The plight of Victorian England's urban poor is pretty distant from modern American sensibilities, but Shaw's delicious way with language still is as entertaining and invigorating as ever. Blanche Sartorius is one of his most delightful female creations, hot-tempered, hot blooded and unafraid of discarding Victorian prudery in the pursuit of her man. Kathy Logelin is a joy in the role, cunning and temperamental and selfish but somehow sympathetic.

The TimeLine production has cast all the male roles to perfection from the deep pool of company actors. TimeLine has distinguished itself many times before with its revivals of urbane modern English plays and the troupe can add "Widowers' Houses" to its list of ensemble triumphs. P. J. Powers plays the confused Harry Trench like a young Brian Bedford. Mark Richard established himself years ago as one of the drollest comic actors on the Chicagoland scene and he's true to form as Cokane, a perfect caricature of the proper English gentleman.

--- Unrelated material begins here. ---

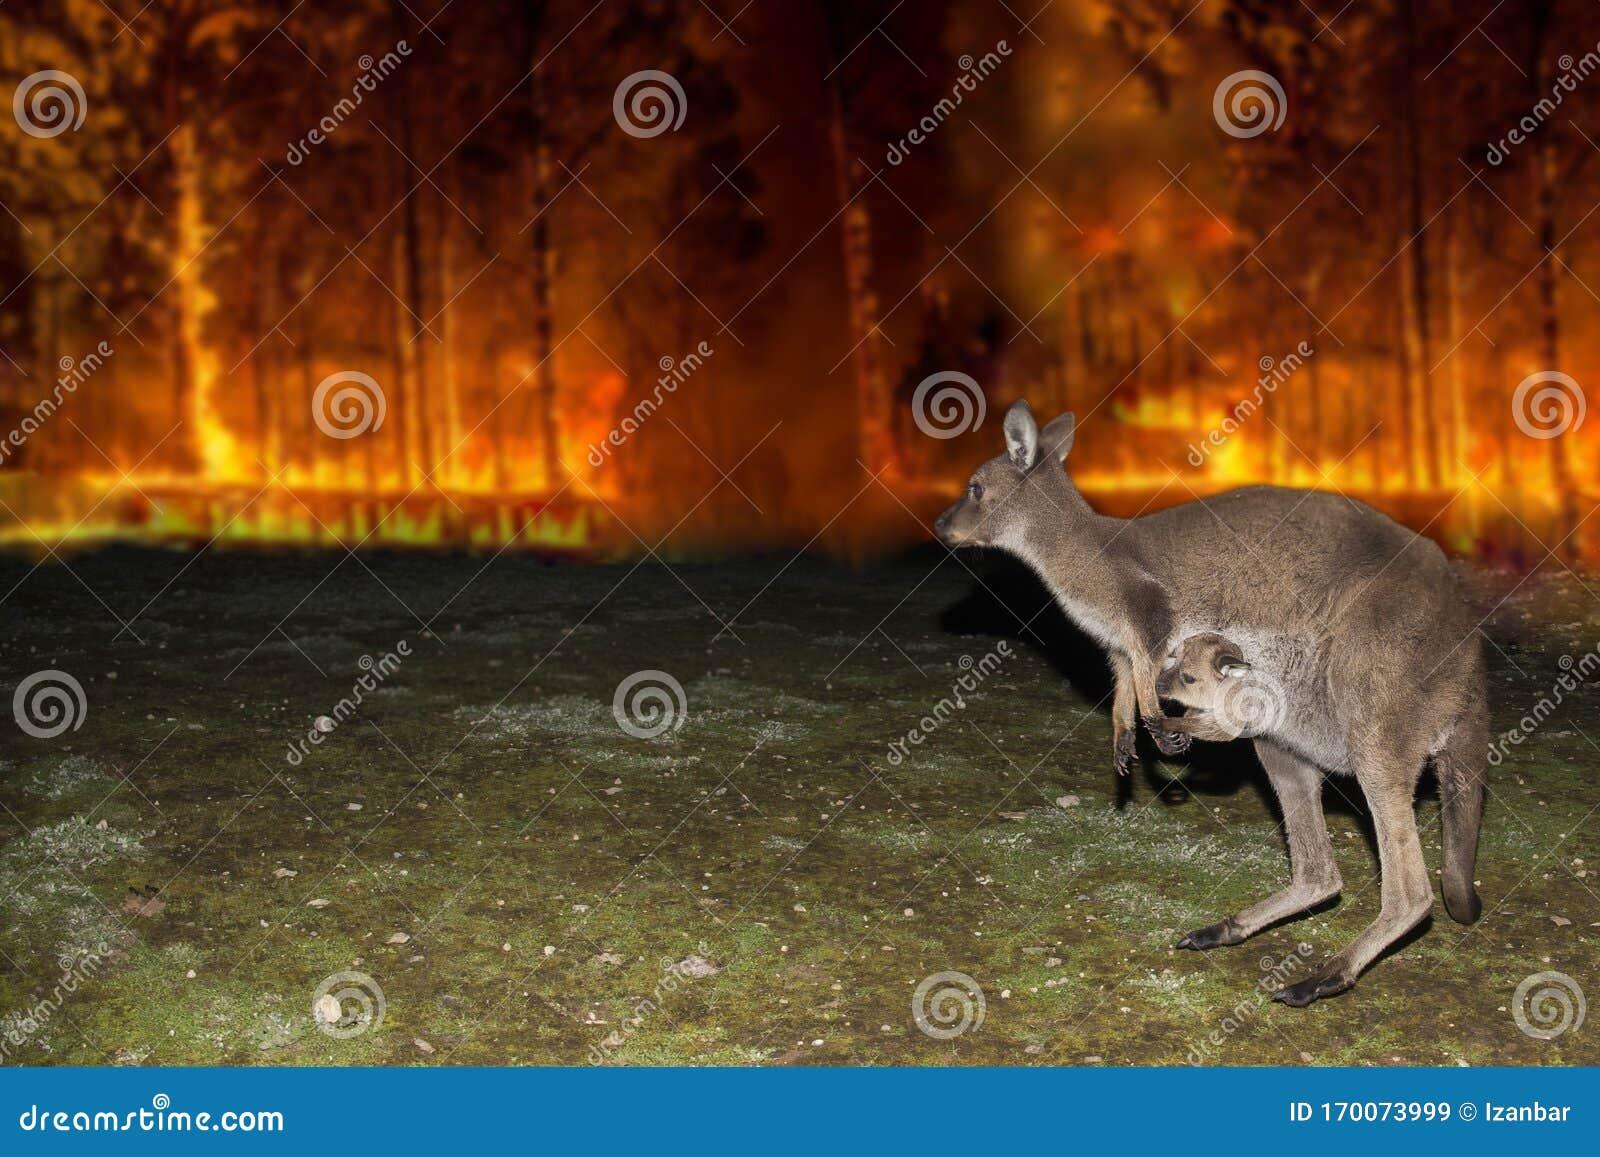 Koala In Burnt Undergrowth Royalty-Free Stock Image ...

As Sartorius, David Parkes assumes a startling pompadour hairstyle for no discernable reason, but his coiffeur doesn't distract from a wry performance that turns villainy into proper business conduct without a moral qualm. Terry Hamilton is a scene stealer as Lickcheese, a sniveling Cockney in his first scene and an expansive man of the world at the end of the play, which demonstrates what an infusion of money can do to improve a character's confidence and standing in society. Liza Fernandez rounds out the ensemble as Sartorius's bulled and terrified parlor maid.

Director Kevin Fox properly recognizes that the strengths of the play reside in its comic drolleries and gets the most out of Shaw's humor while still keeping the social criticism in focus. The scenery by Brian Sidney Bembridge and the costumes by Rachel Anne Healy credibly recreate the upper class English world of the 1890's. Keith Parham designed the lighting and Andrew Hansen designed the sound and composed the original music.

"Widowers' Houses" runs through July 1 at the TimeLine Theatre, 615 West Wellington Avenue. Performances run Thursday and Friday at 8 p.m., Saturday at 4 and 8 p.m., and Sunday at 2 p.m. Wednesday evening matinees begin on May 30. Tickets are $25. Call 773-281-8463.

The show gets a rating of four stars.